Requirement
Your answer must be the data repeated exactly, with no pictures in it.

Records provided
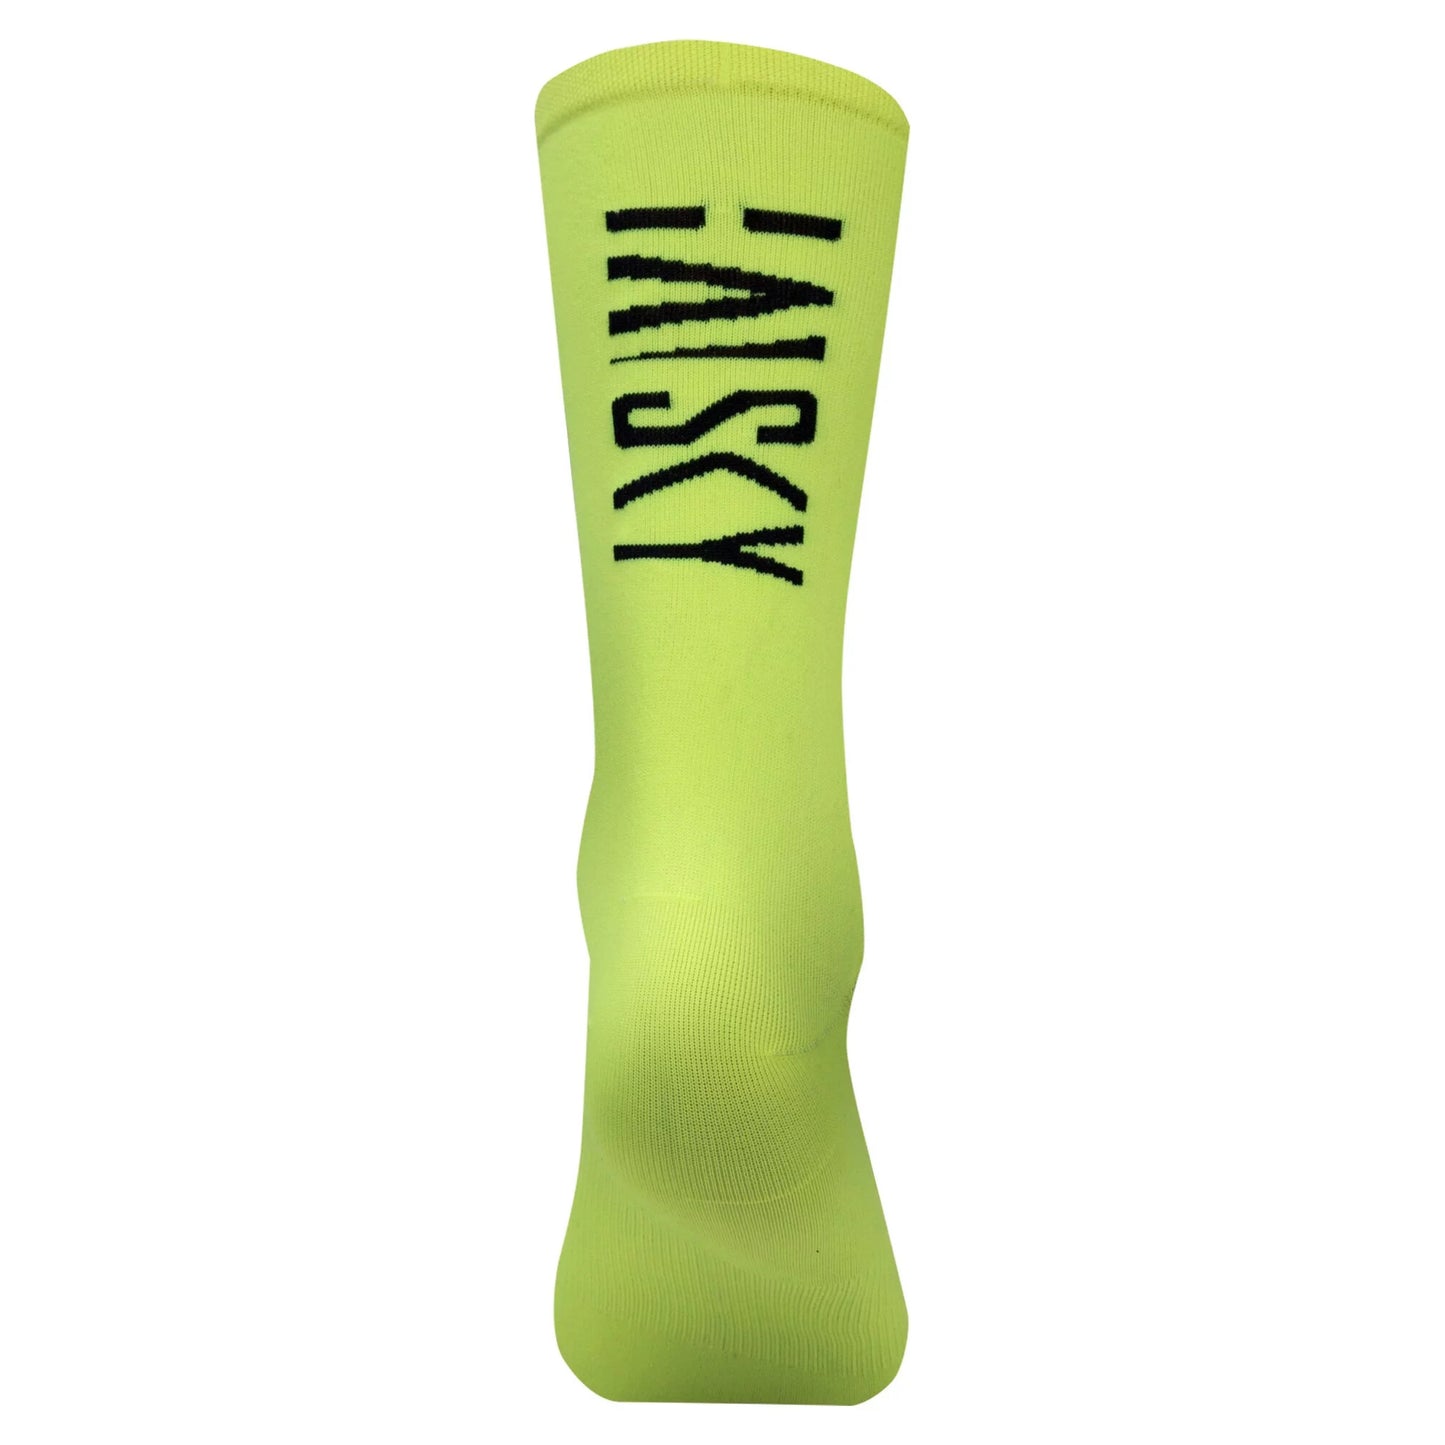 Baisky Premium Cycling Socks - TRSS129 Purity Yellow
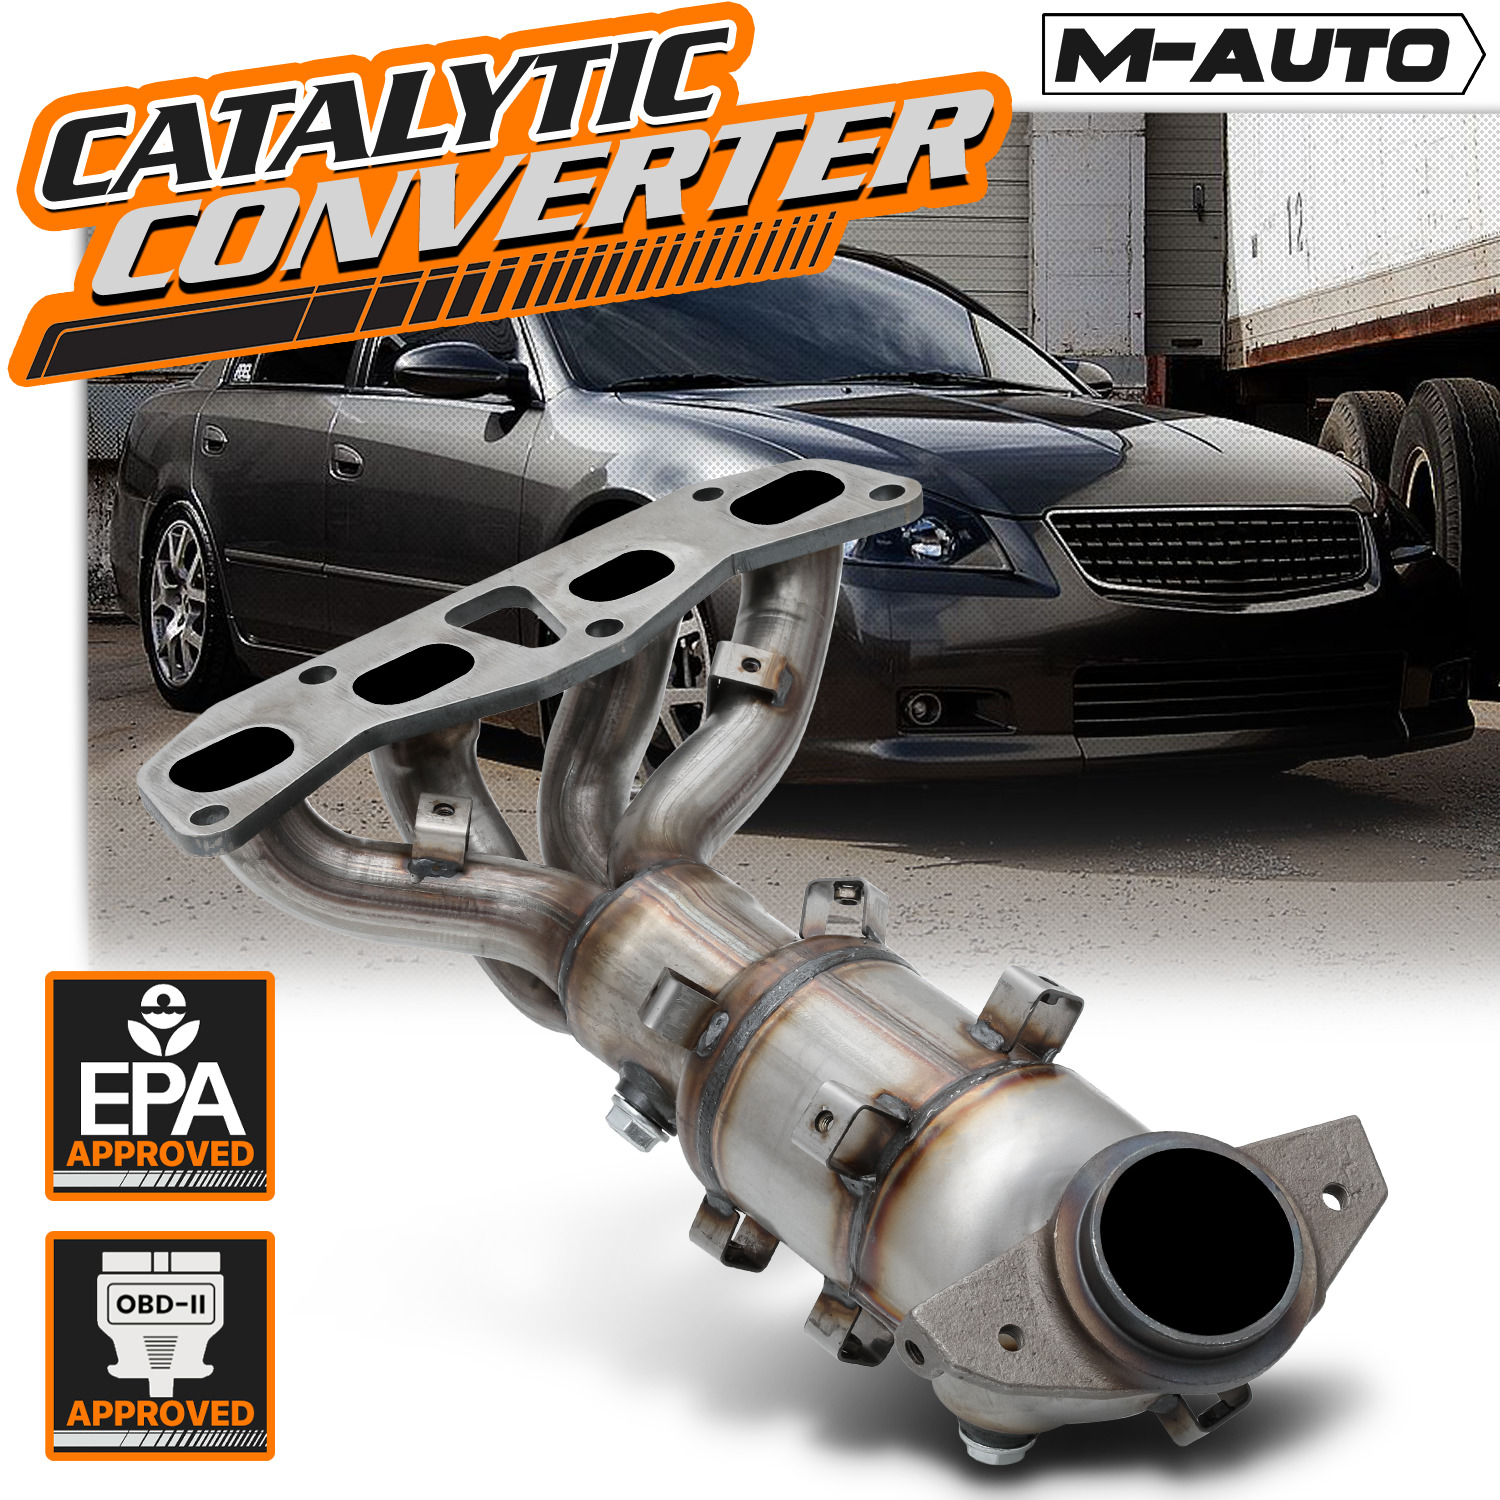 Catalytic Converter Exhaust Header Manifold For 2002-2006 Altima Sentra 2.5 I4
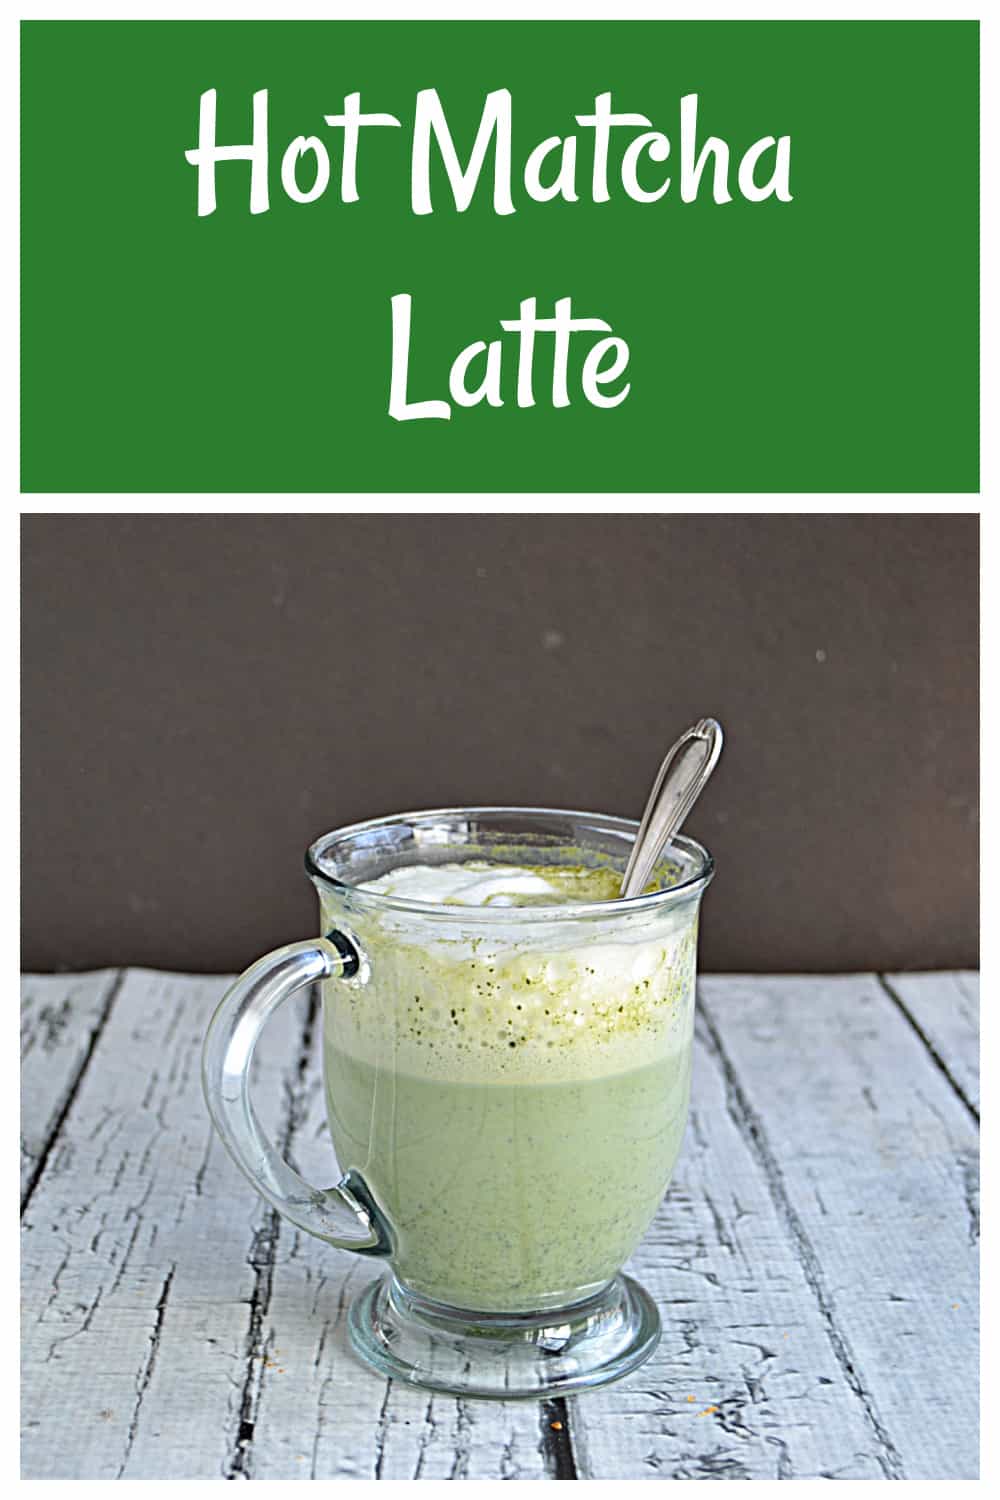 Pin Image: Text title, a mug of green tea hot matcha latte.
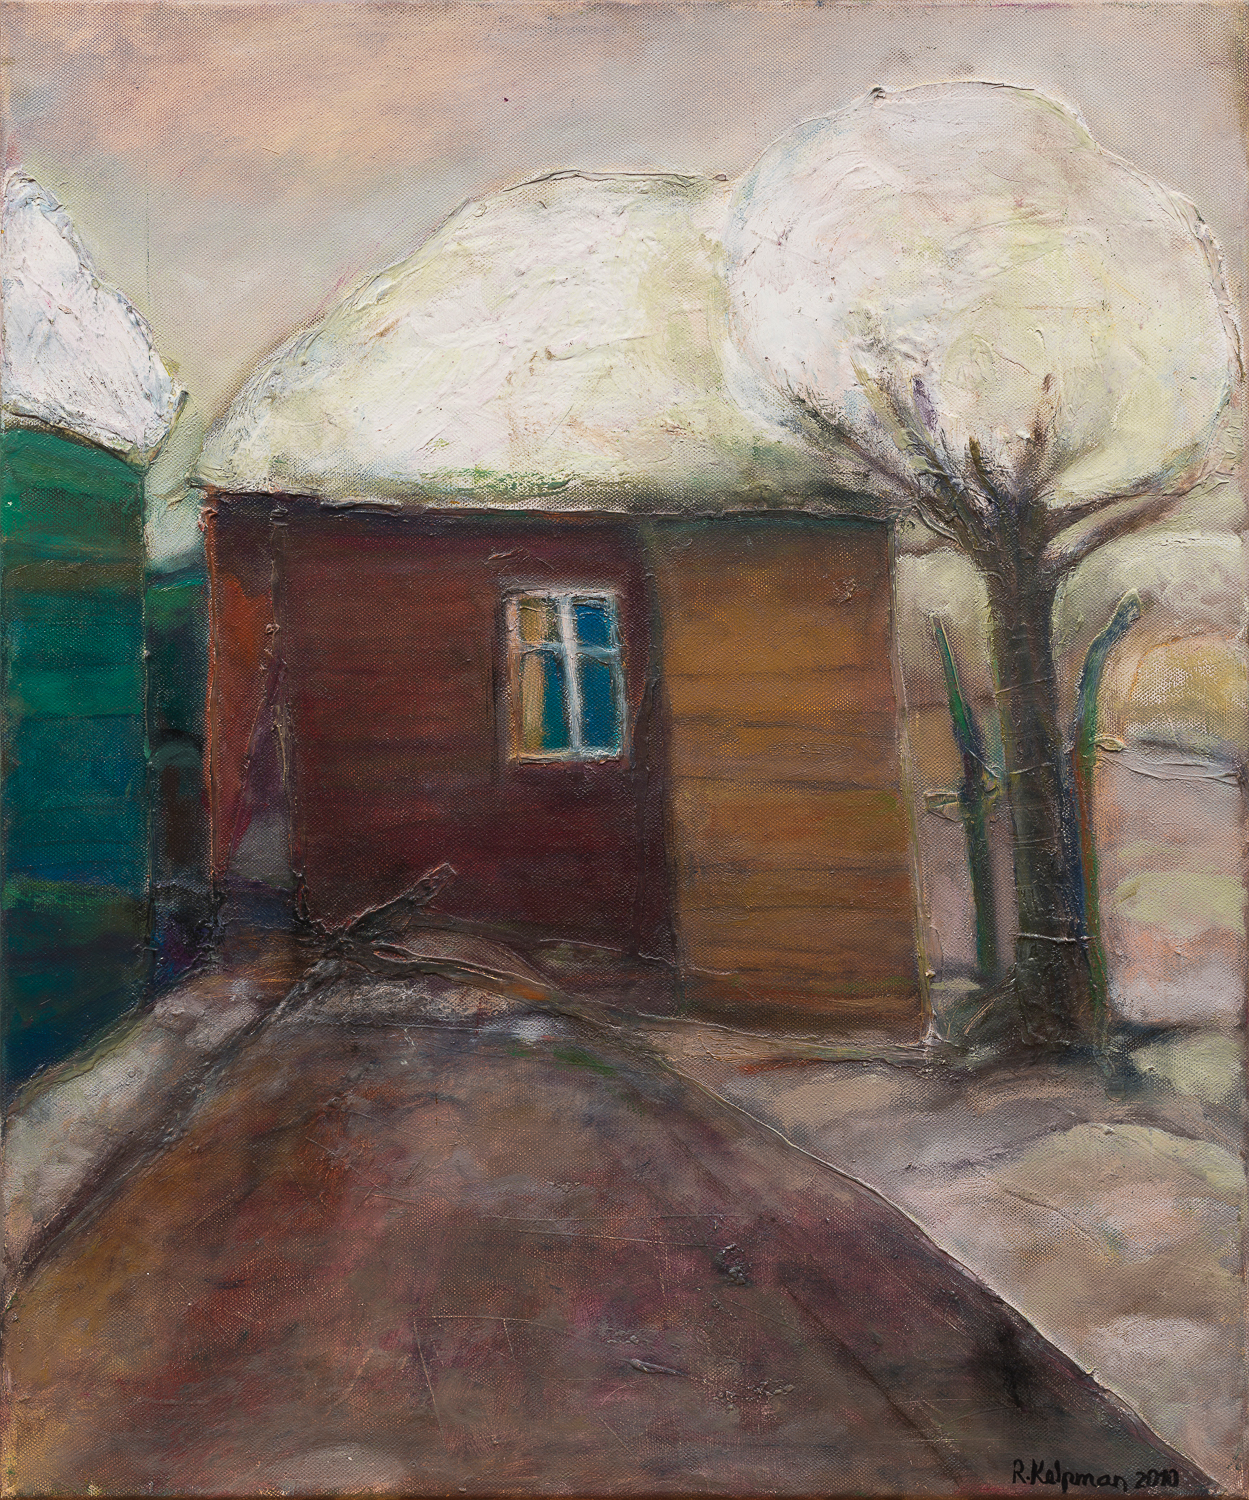 Rein Kelpman "Snowy Backyard"
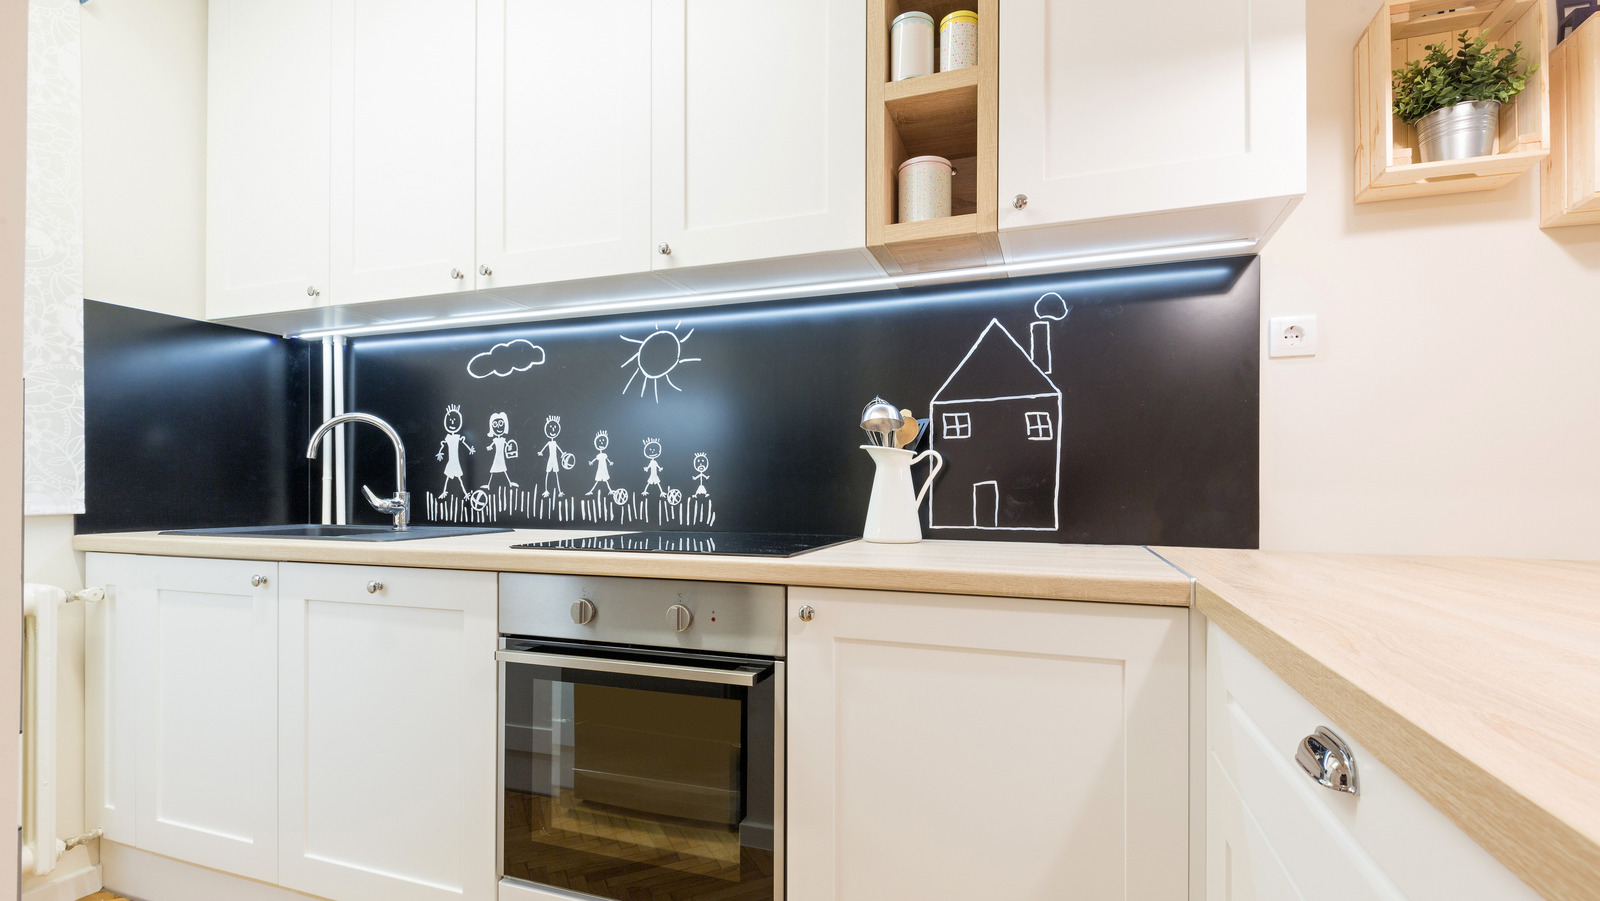 46 Beautiful Kitchen Backsplash Ideas for Every Style and Budget  Kitchen  backsplash designs, Glass backsplash kitchen, Modern kitchen backsplash

Expected answer
 Baisky Premium Cycling Socks - TRSS129 Purity Yellow
 Catalytic Converter Exhaust Header Manifold For 2002-2006 Altima Sentra 2.5 I4
 Pin Image: Text title, a mug of green tea hot matcha latte.
 Rein Kelpman "Snowy Backyard"
 46 Beautiful Kitchen Backsplash Ideas for Every Style and Budget  Kitchen  backsplash designs, Glass backsplash kitchen, Modern kitchen backsplash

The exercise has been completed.